**Task prompt**
The output should match, line for line, the records from the line containing "Frühblüher im Wald Stock Photo - Alamy" through the line containing "Cavalluccio marino giallo", with every picture left out.

**Data extract**
# # # # #

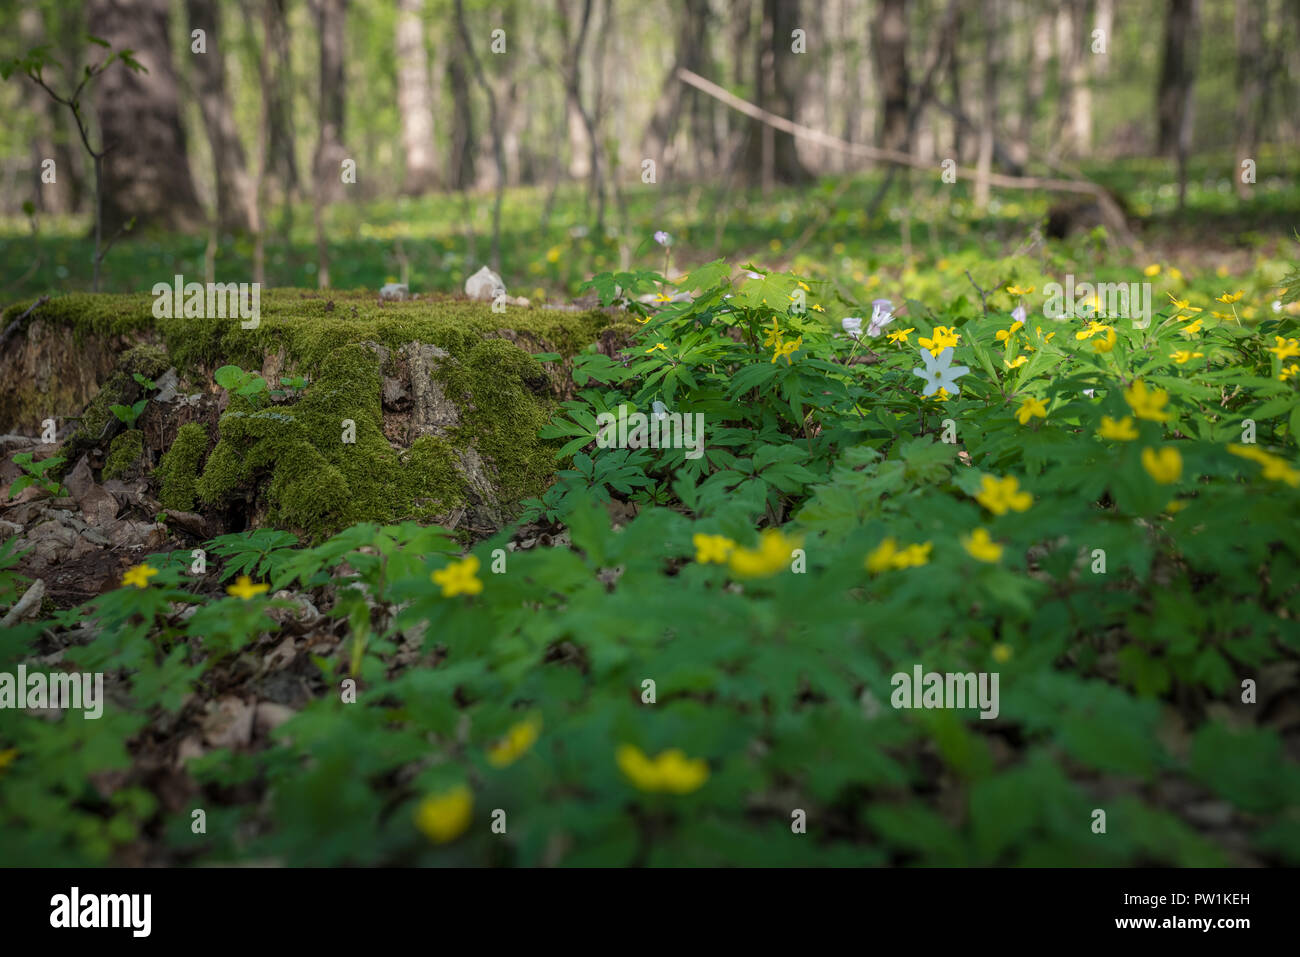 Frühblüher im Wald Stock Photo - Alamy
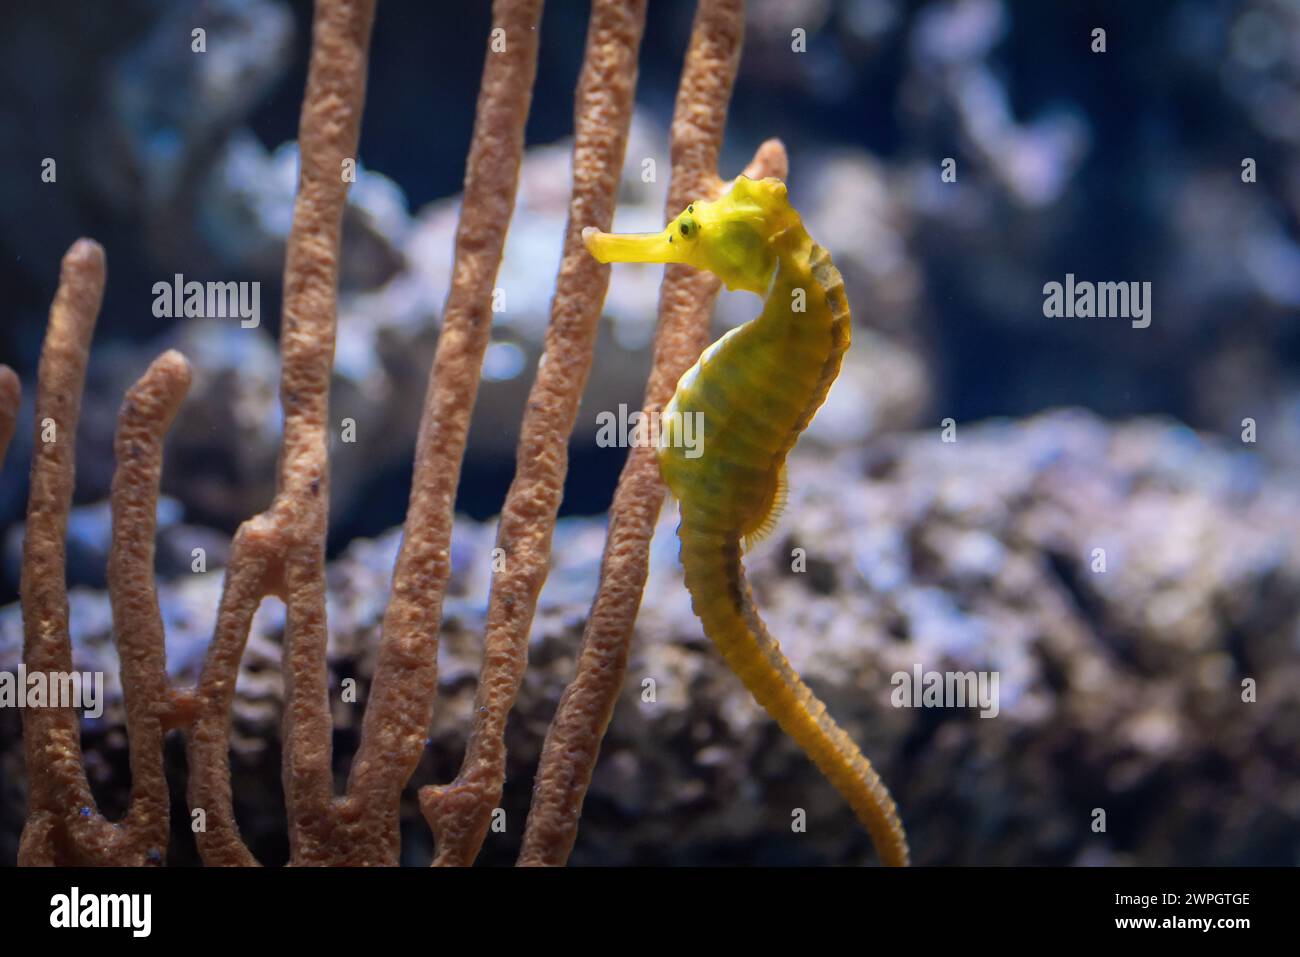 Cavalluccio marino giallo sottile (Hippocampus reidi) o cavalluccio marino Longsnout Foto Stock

# # # # #

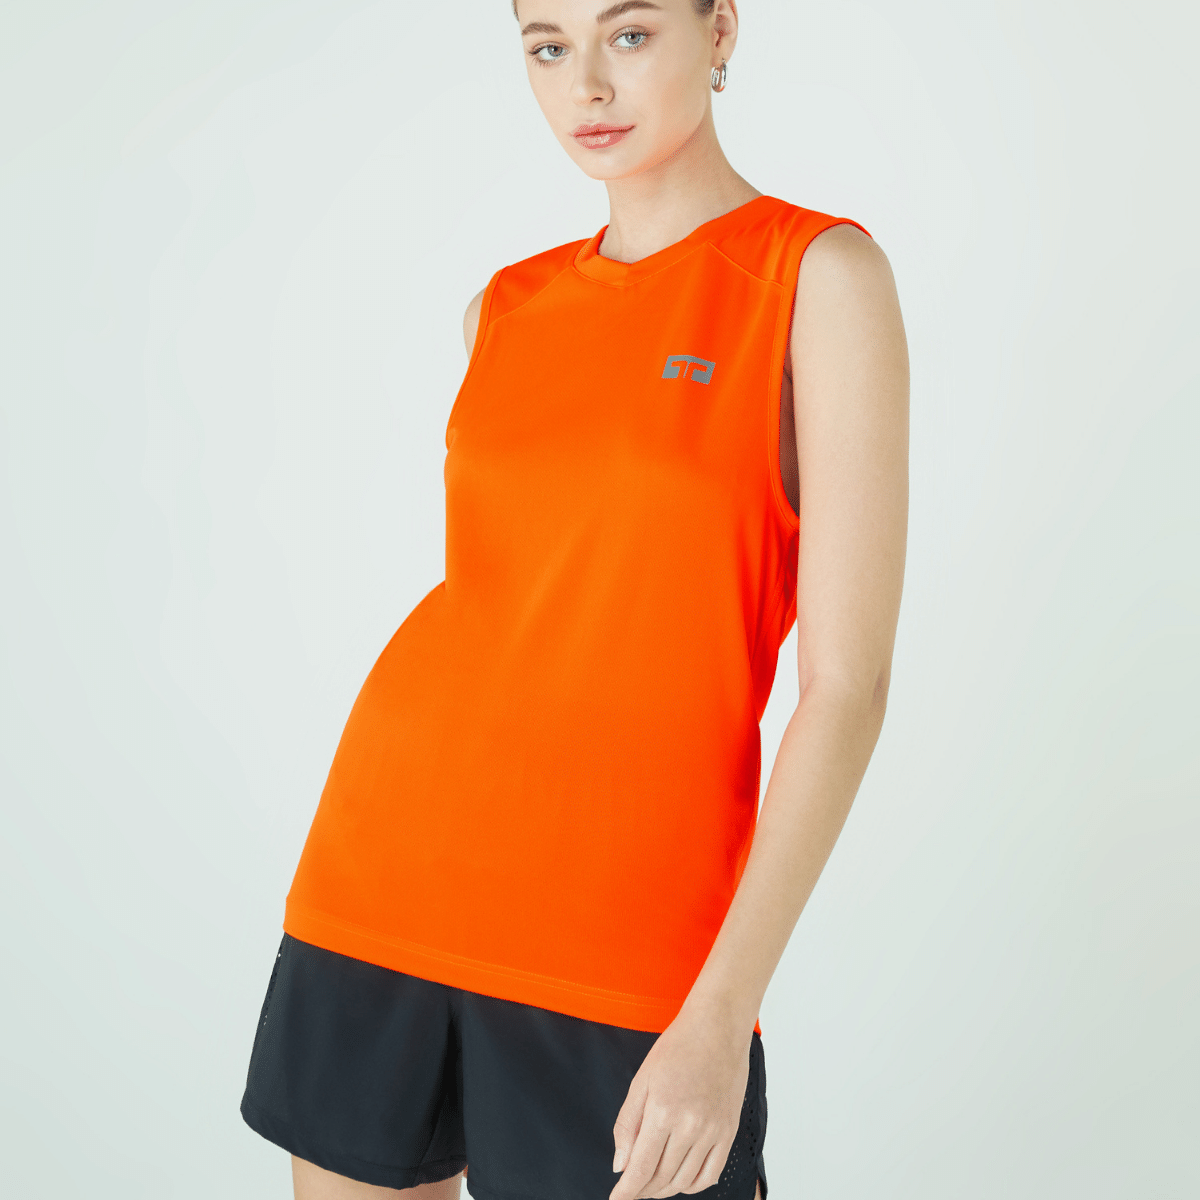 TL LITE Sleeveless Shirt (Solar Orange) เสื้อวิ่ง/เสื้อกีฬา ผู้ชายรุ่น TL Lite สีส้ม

# # # # #

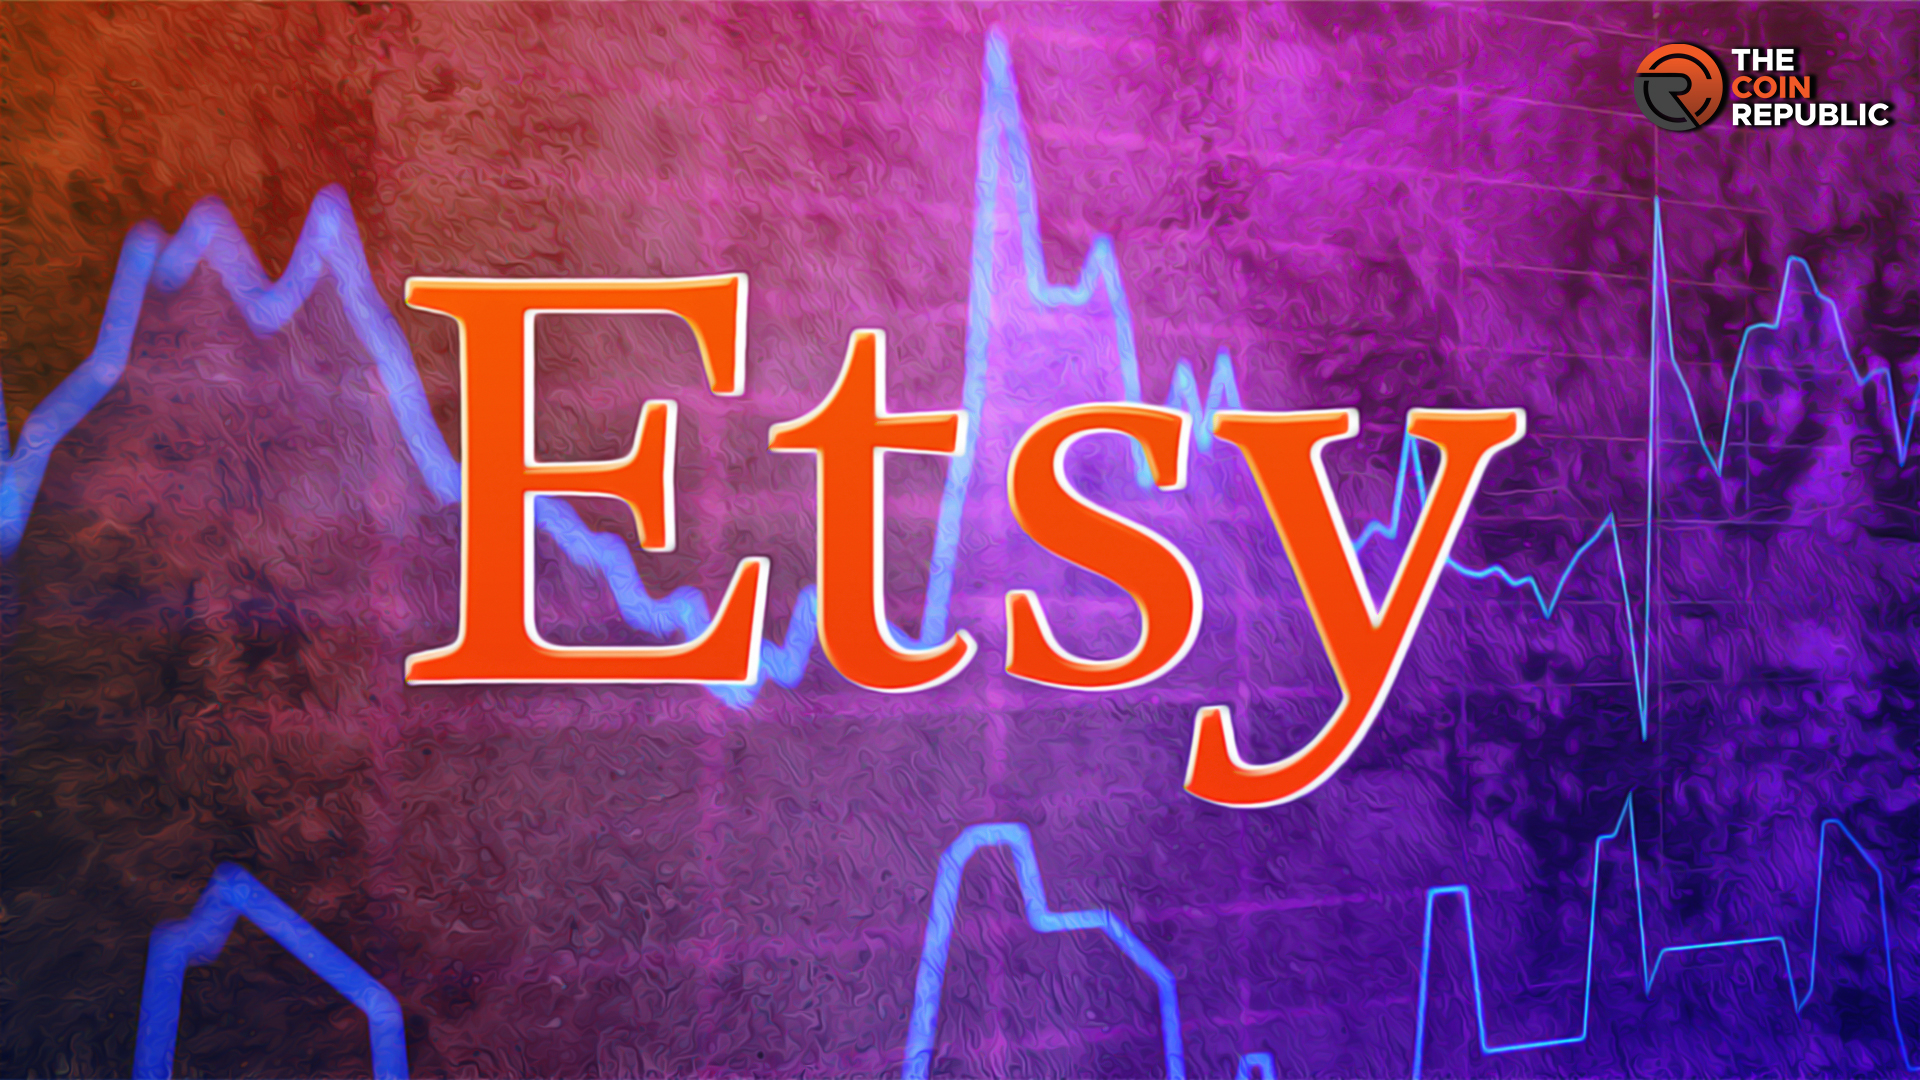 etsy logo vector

# # # # #

**Task output**
 Frühblüher im Wald Stock Photo - Alamy
 Cavalluccio marino giallo sottile (Hippocampus reidi) o cavalluccio marino Longsnout Foto Stock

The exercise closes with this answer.